---- Given data
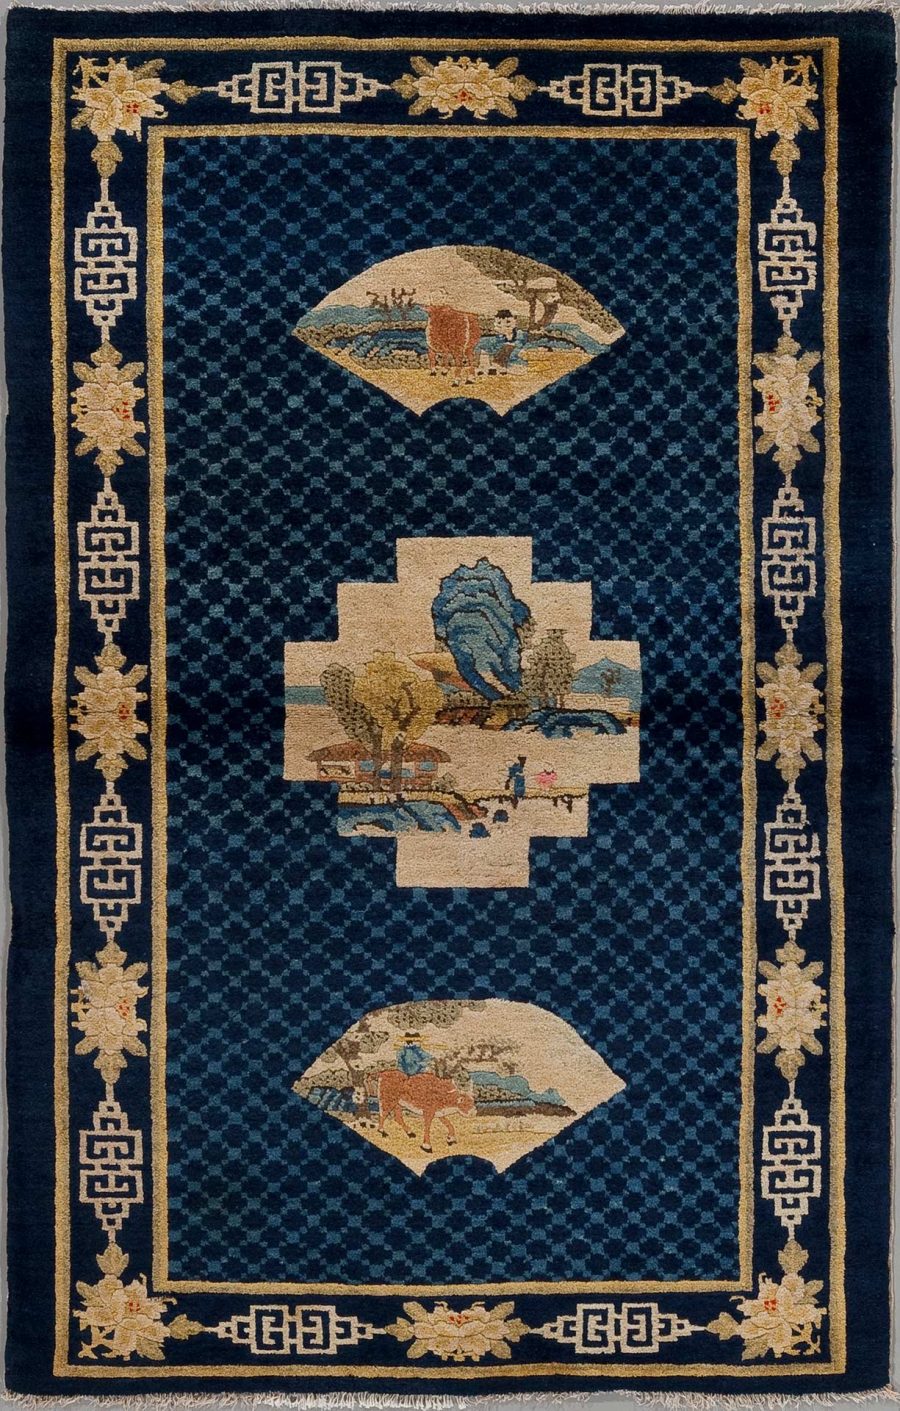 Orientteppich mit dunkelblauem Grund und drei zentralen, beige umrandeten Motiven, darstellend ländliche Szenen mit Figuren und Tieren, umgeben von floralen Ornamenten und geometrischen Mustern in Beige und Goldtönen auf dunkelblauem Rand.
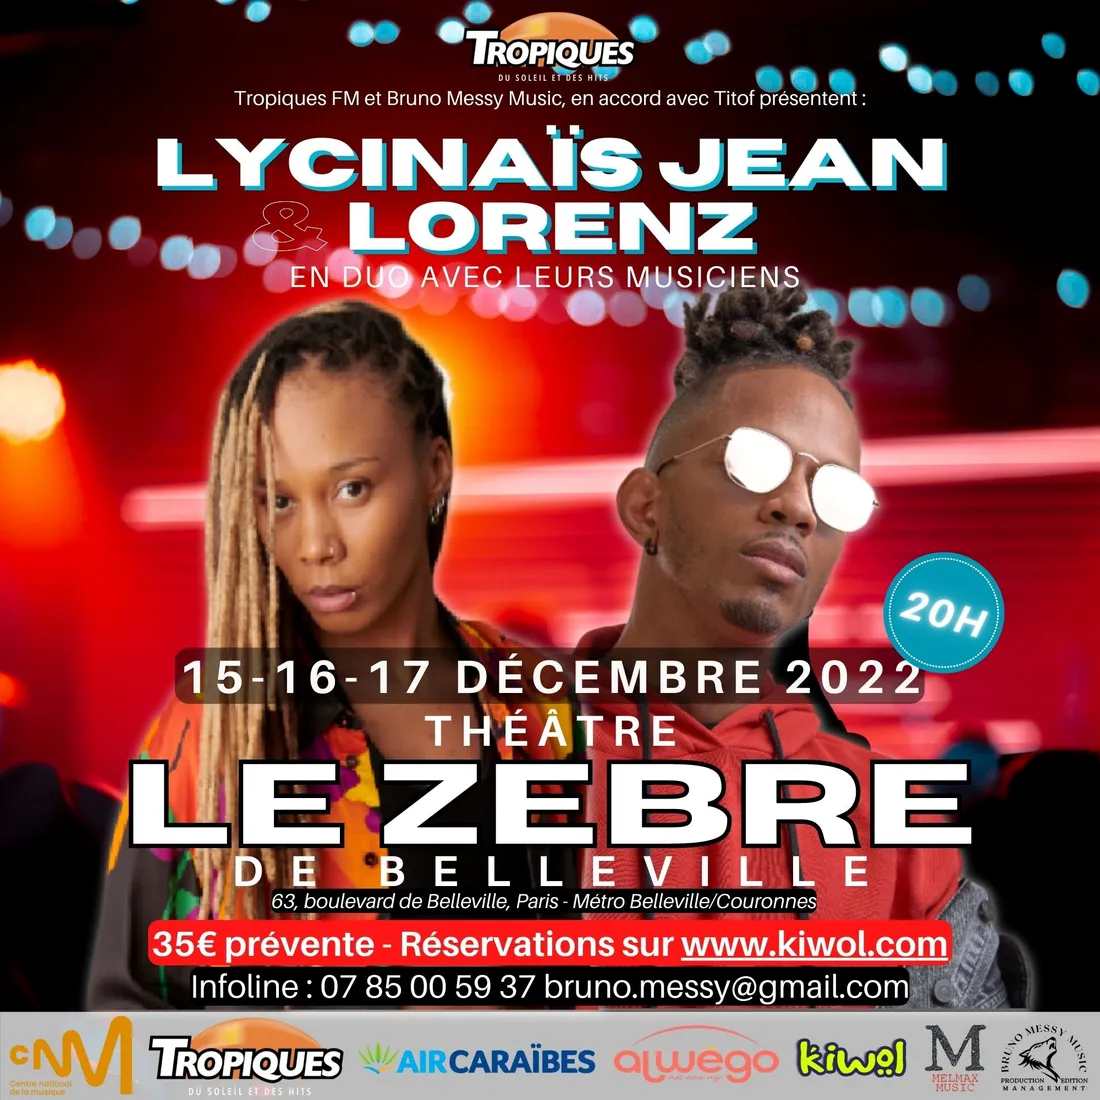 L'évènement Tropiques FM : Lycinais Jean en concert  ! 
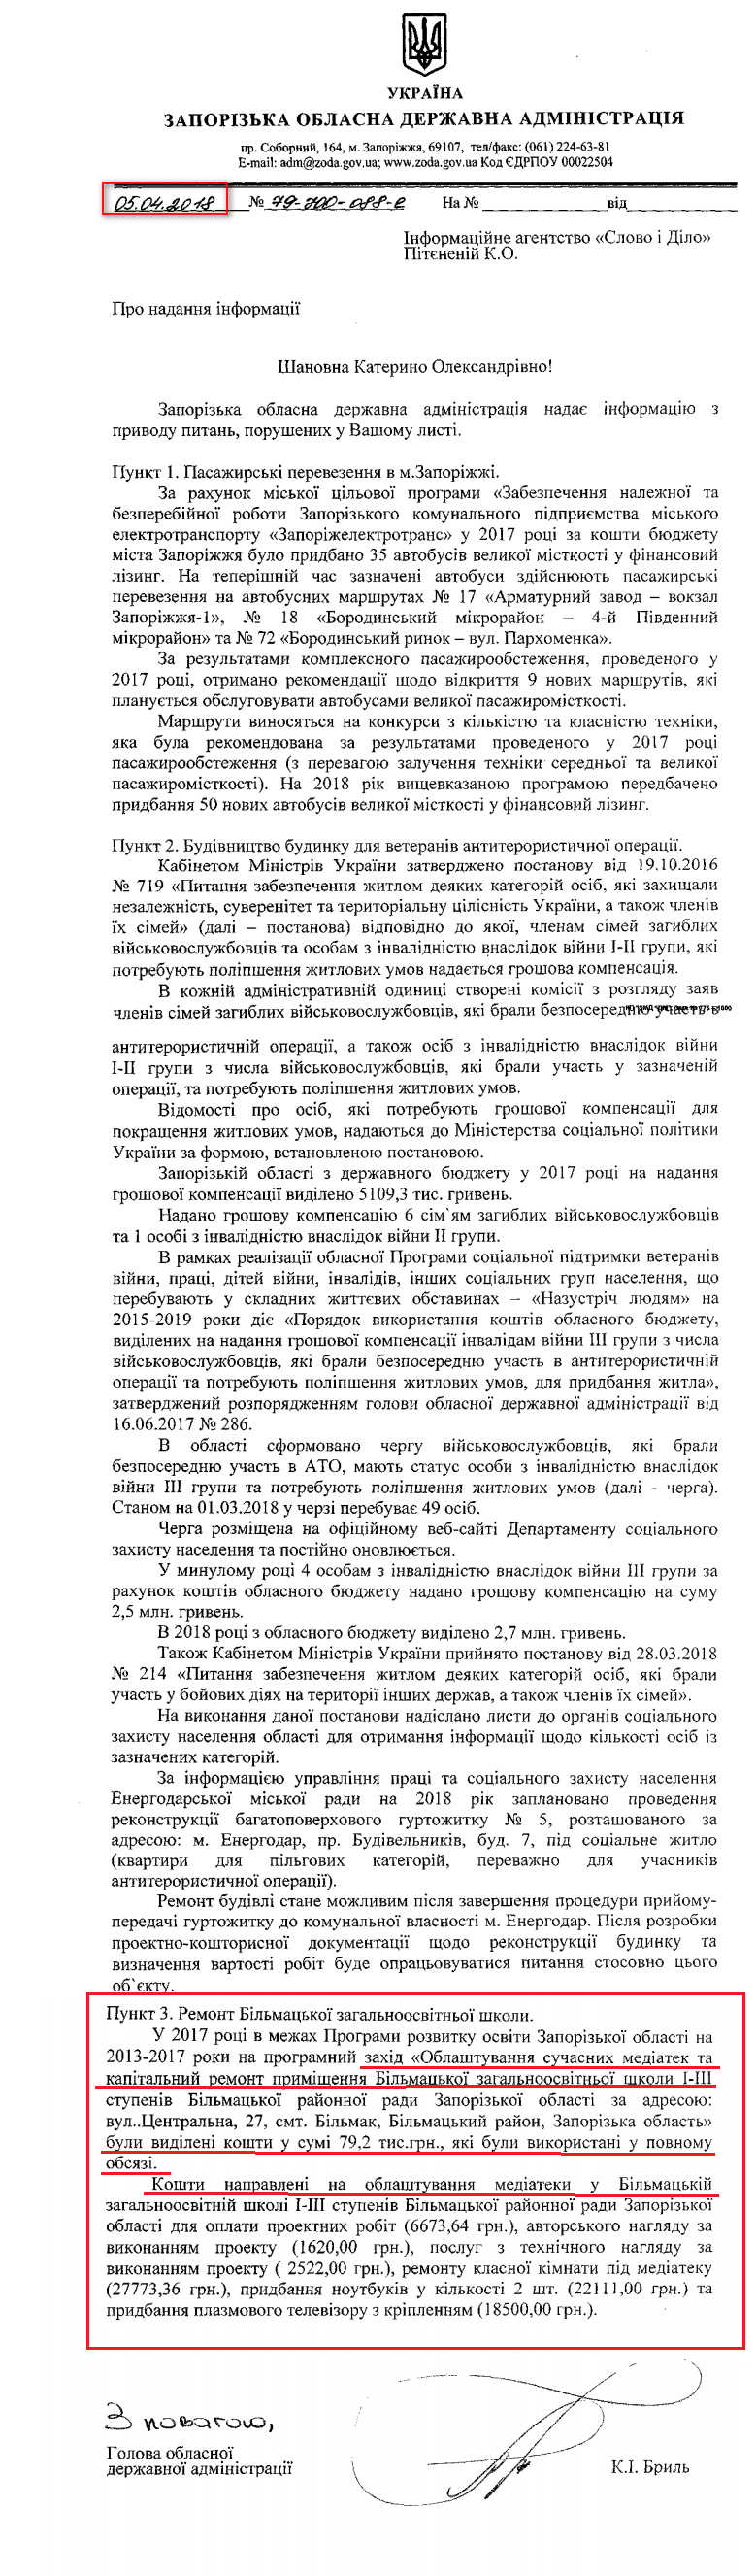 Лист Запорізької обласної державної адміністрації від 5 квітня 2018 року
--------
Task requirements:
Go through the listing and restate each line word for word, leaving out the pictures.

Task solution:
 Orientteppich mit dunkelblauem Grund und drei zentralen, beige umrandeten Motiven, darstellend ländliche Szenen mit Figuren und Tieren, umgeben von floralen Ornamenten und geometrischen Mustern in Beige und Goldtönen auf dunkelblauem Rand.
 L'évènement Tropiques FM : Lycinais Jean en concert  ! 
 Лист Запорізької обласної державної адміністрації від 5 квітня 2018 року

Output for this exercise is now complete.